So, it was good to see the news last week that the leaning tower of Pisa is leaning just a little less than it was, and is therefore less likely to fall over. The thought did cross my mind, though, that it would be an awful pity if the wonders of modern engineering that were used to halt its slow fall went so far as to as to straighten it up altogether.
Apparently some calculations show that that could happen by the year 2300, at the current rate of movement. But we need not worry. The tower can't ever be made fully upright because it is not just leaning, its also crooked - deliberately so!
I'd forgotten about this, but re-read it last week.
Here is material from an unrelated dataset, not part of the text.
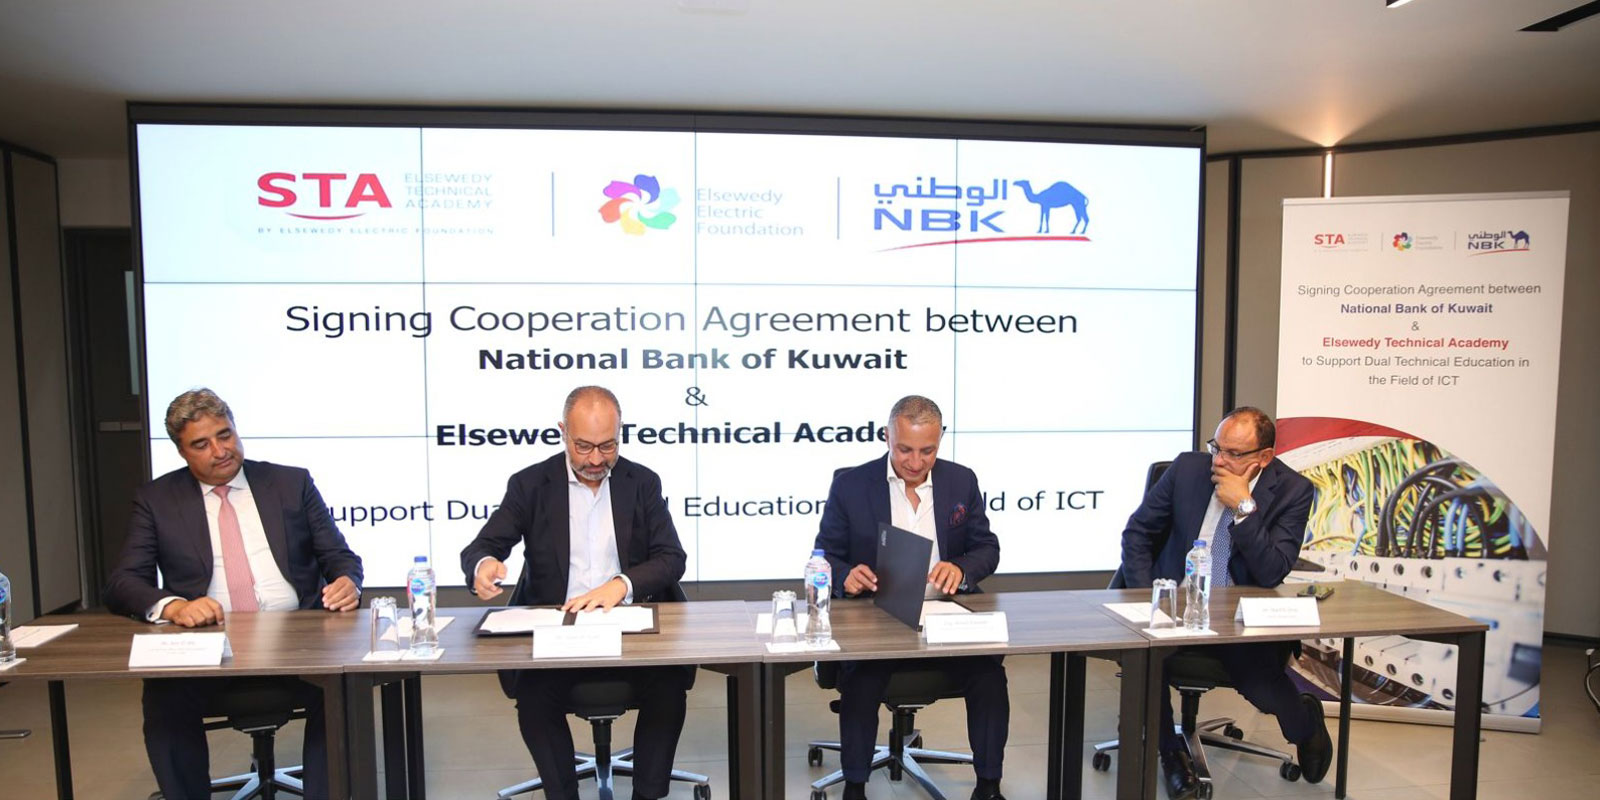 أكاديمية السويدي الفنية توقع اتفاقية تعاون مع بنك الكويت الوطني – مصر  لرعاية طلاب الأكاديمية في مجال تكنولوجيا المعلومات والاتصالات

When work began in 1170, the porous clay (under the south side) almost immediately became evident and the project was abandoned for 90 years with only 3 stories built. But they started work again in 1270 with an ingenious plan to tackle the problem: they built the remaining floors at an angle to the base, hoping that they could thus offset the lean. I love this. I have tried similar things in my efforts at household maintenance. And usually with similar results - which is to say almost total failure. Because when it was finished the tower was still leaning. As little as 1.3 degrees from the vertical in its early years, but that grew steadily to as much as 5.4 degrees by the early 90s. It wasn't so much leaning, as (very) slowly falling.
If I have it right, the remedial work had many strands but mainly involved undermining the more solid foundations to the North, so that that side of the tower would sink enough to offset the sinking to the South. It seems to have worked because the lean is now only 3.97 degrees.
The slant built into the structure to offset the lean seems only barely visible to me, but presumably it was enough to make it seem somewhat straight in 1372 when it was finally finished.
But its good to know that it's there, ensuring the leaning tower will always lean. Even if its fixed.